Activity =
Repeat only what runs from the line with "岚图free首发纪念版车型上市31 36万元起售 两种动力可选 三彩" through the last line of the data below, both included, keeping every word as it is and leaving out the pictures.

Data segment =
Segment Open

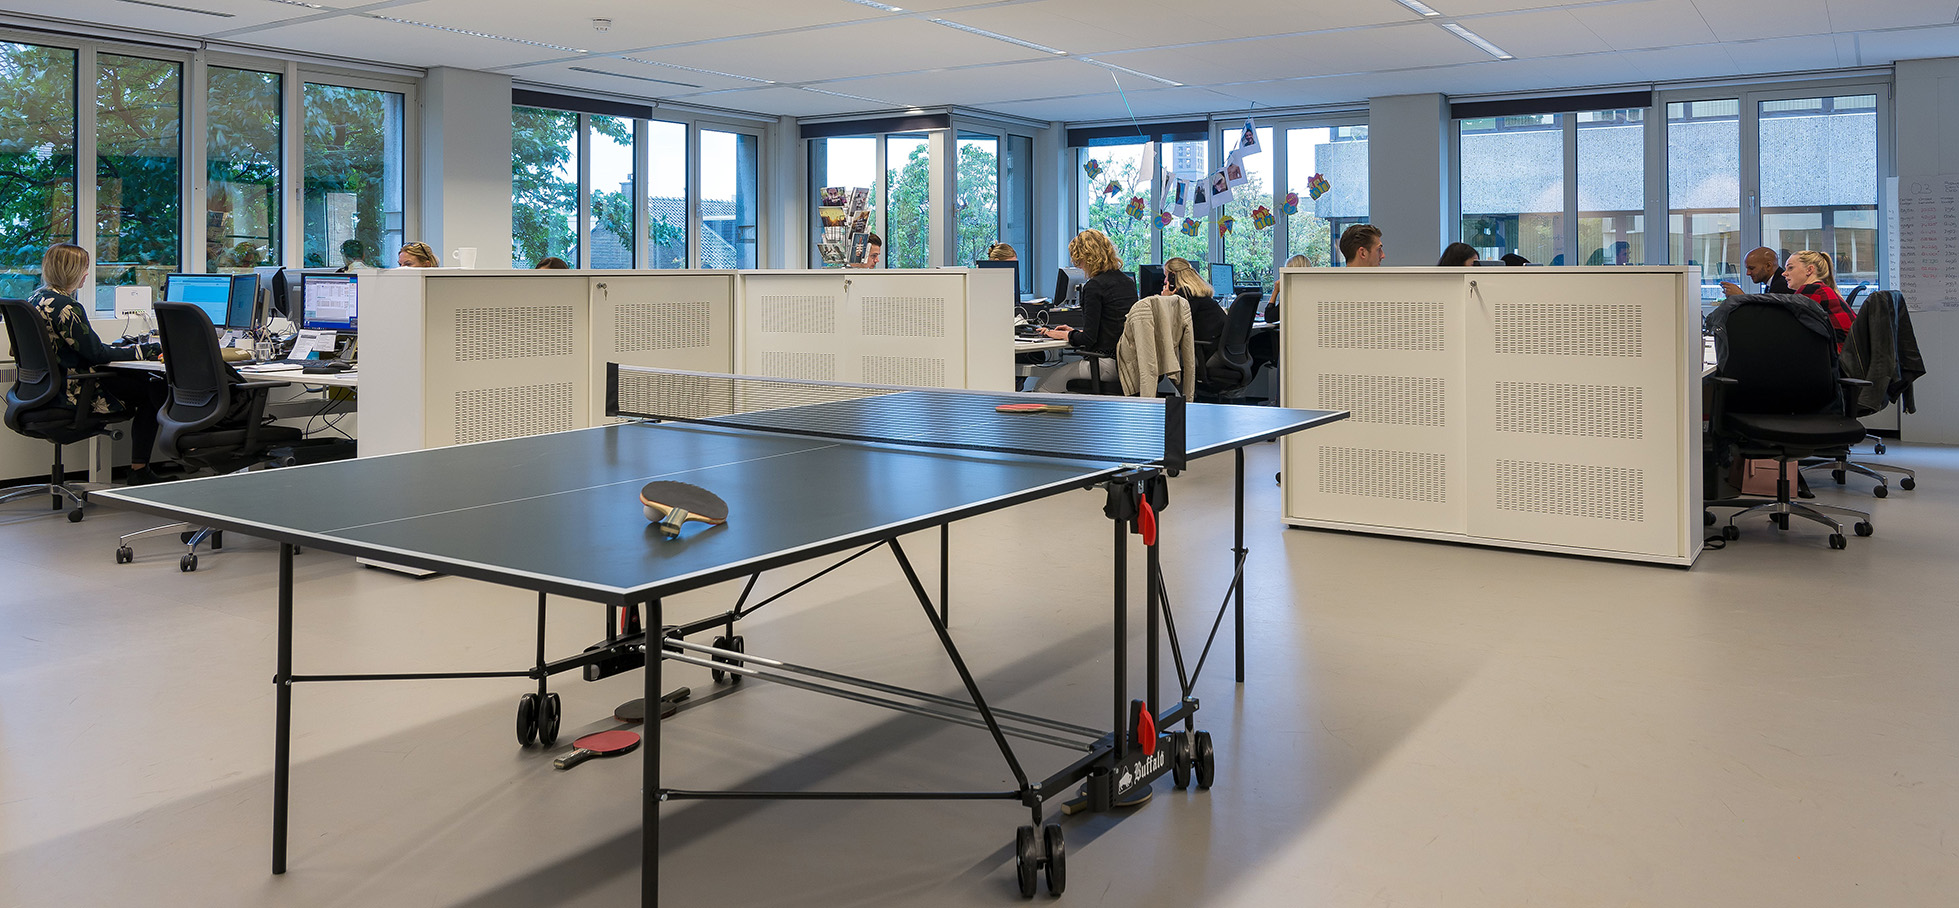 Tischtennis-Platte im Büro
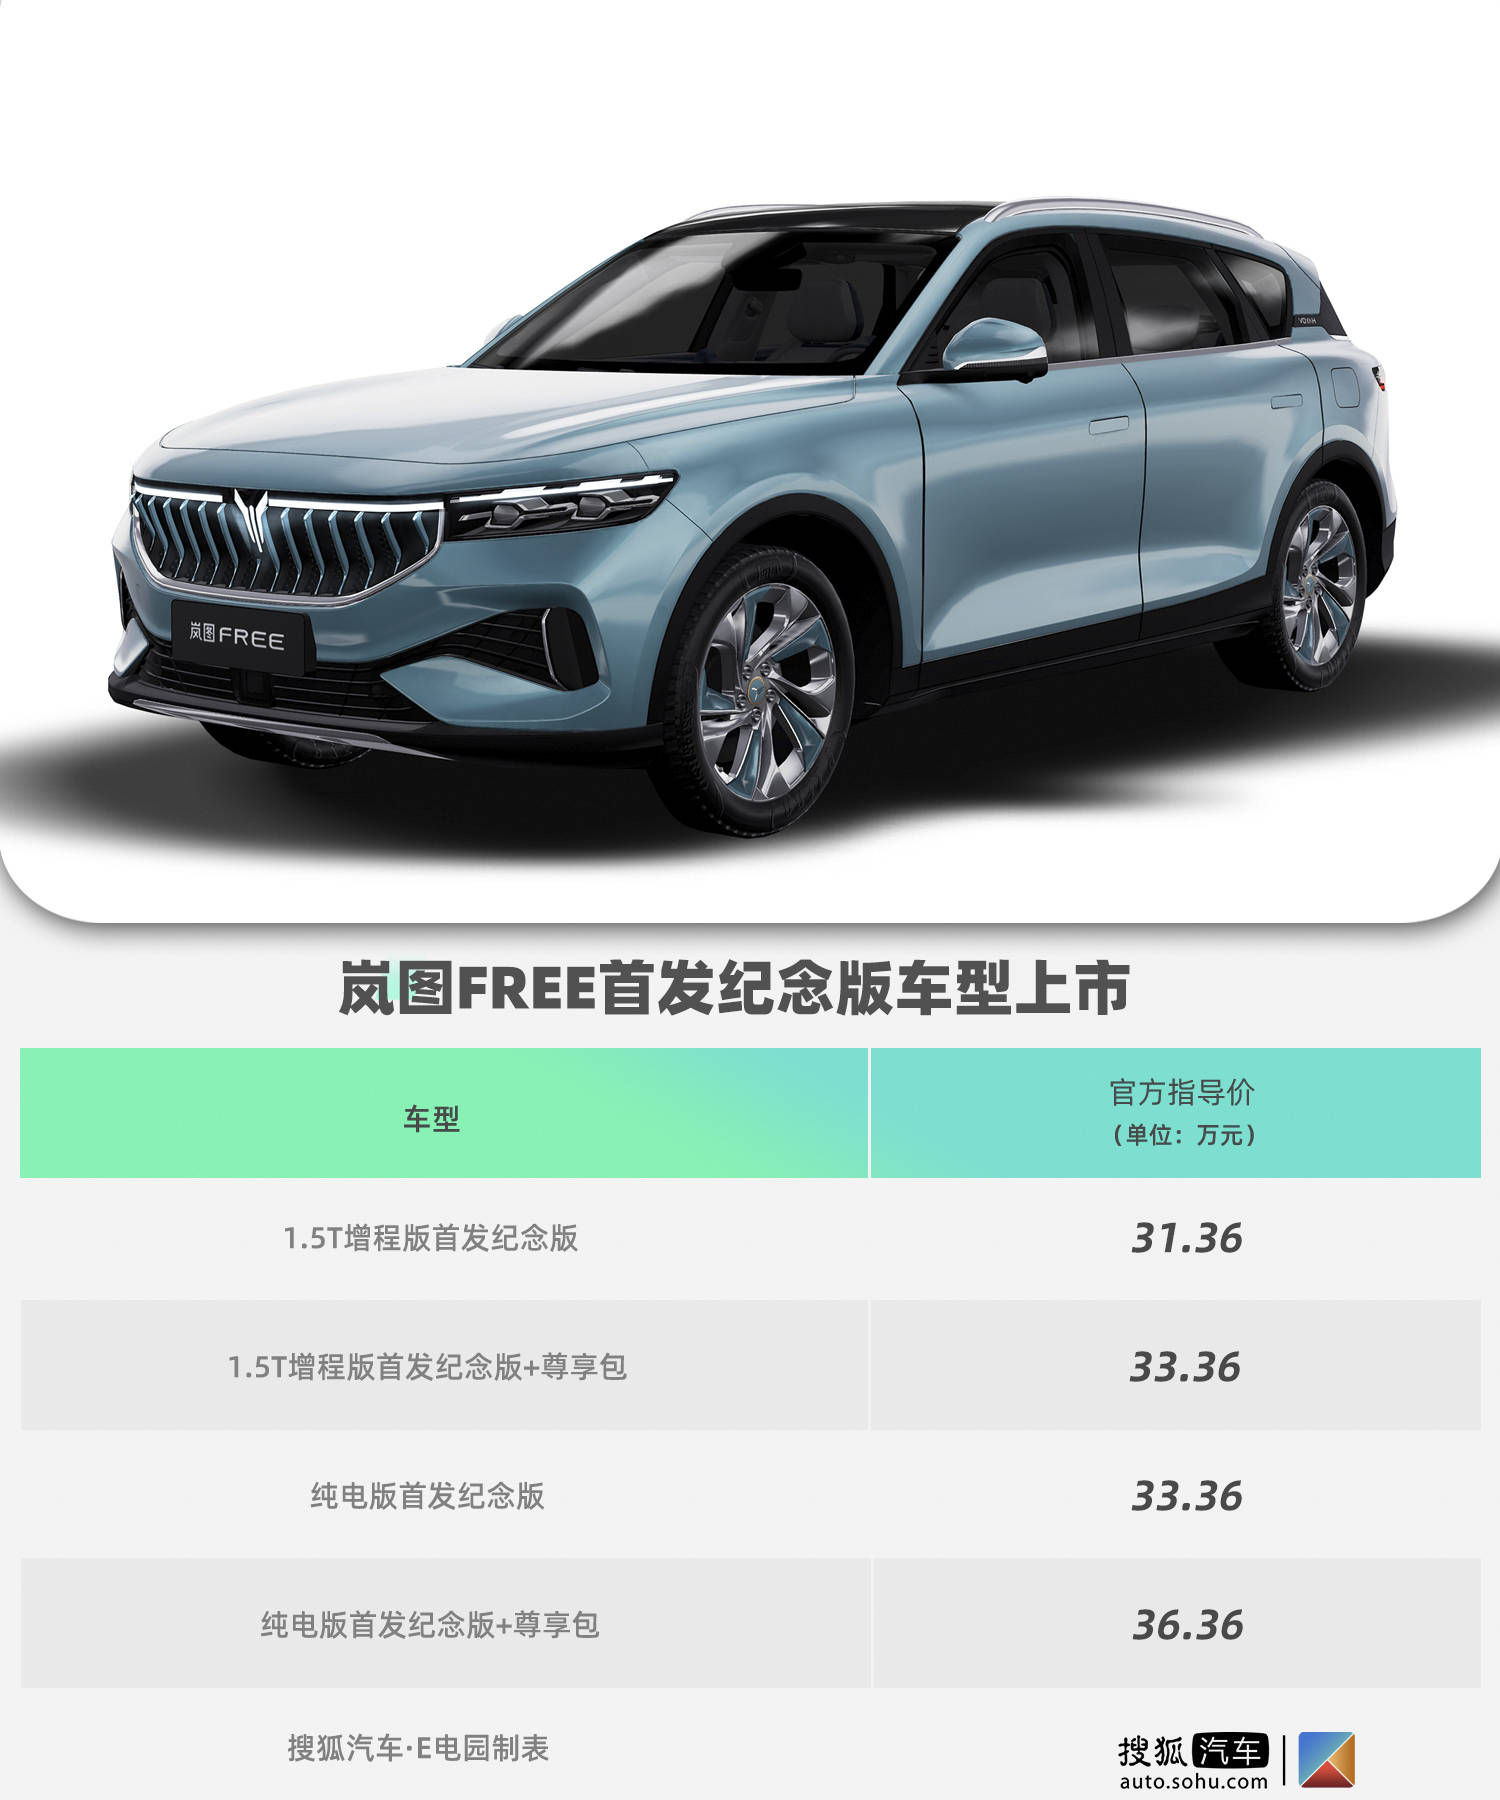 岚图free首发纪念版车型上市31 36万元起售 两种动力可选 三彩
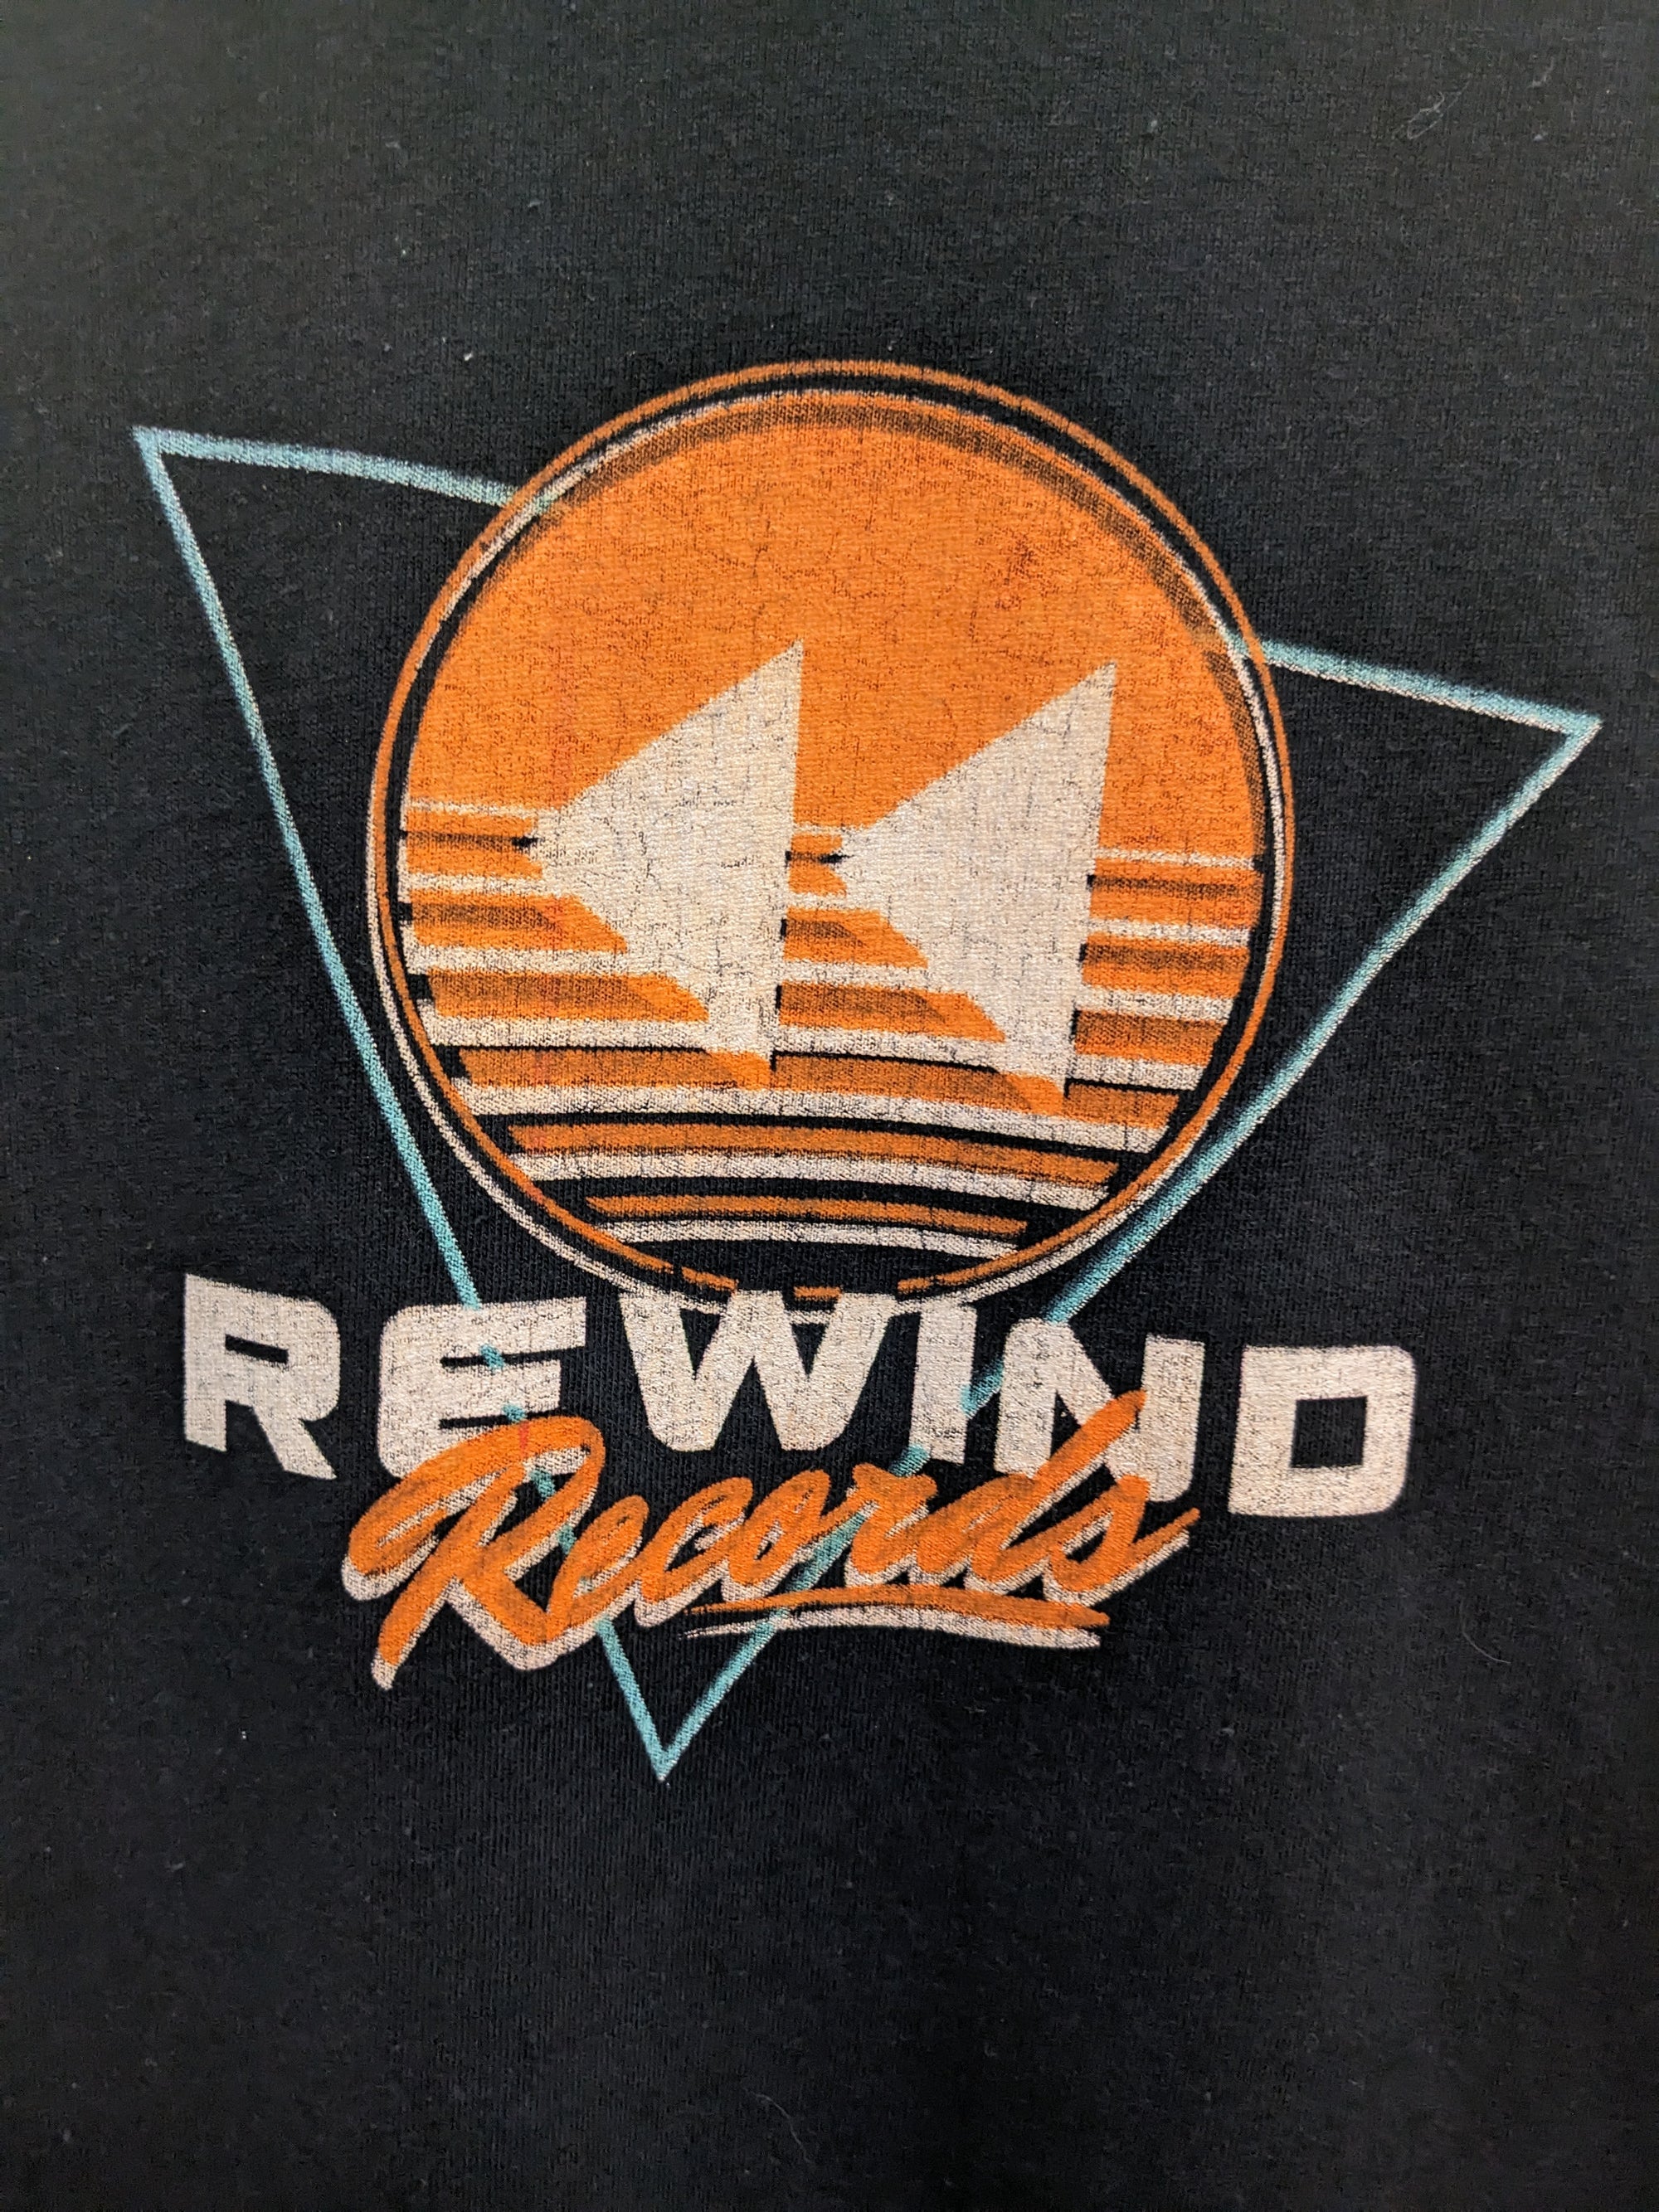 Rewind Records Misprint - Small

Segment Closed

Finished exercise =
 岚图free首发纪念版车型上市31 36万元起售 两种动力可选 三彩
 Rewind Records Misprint - Small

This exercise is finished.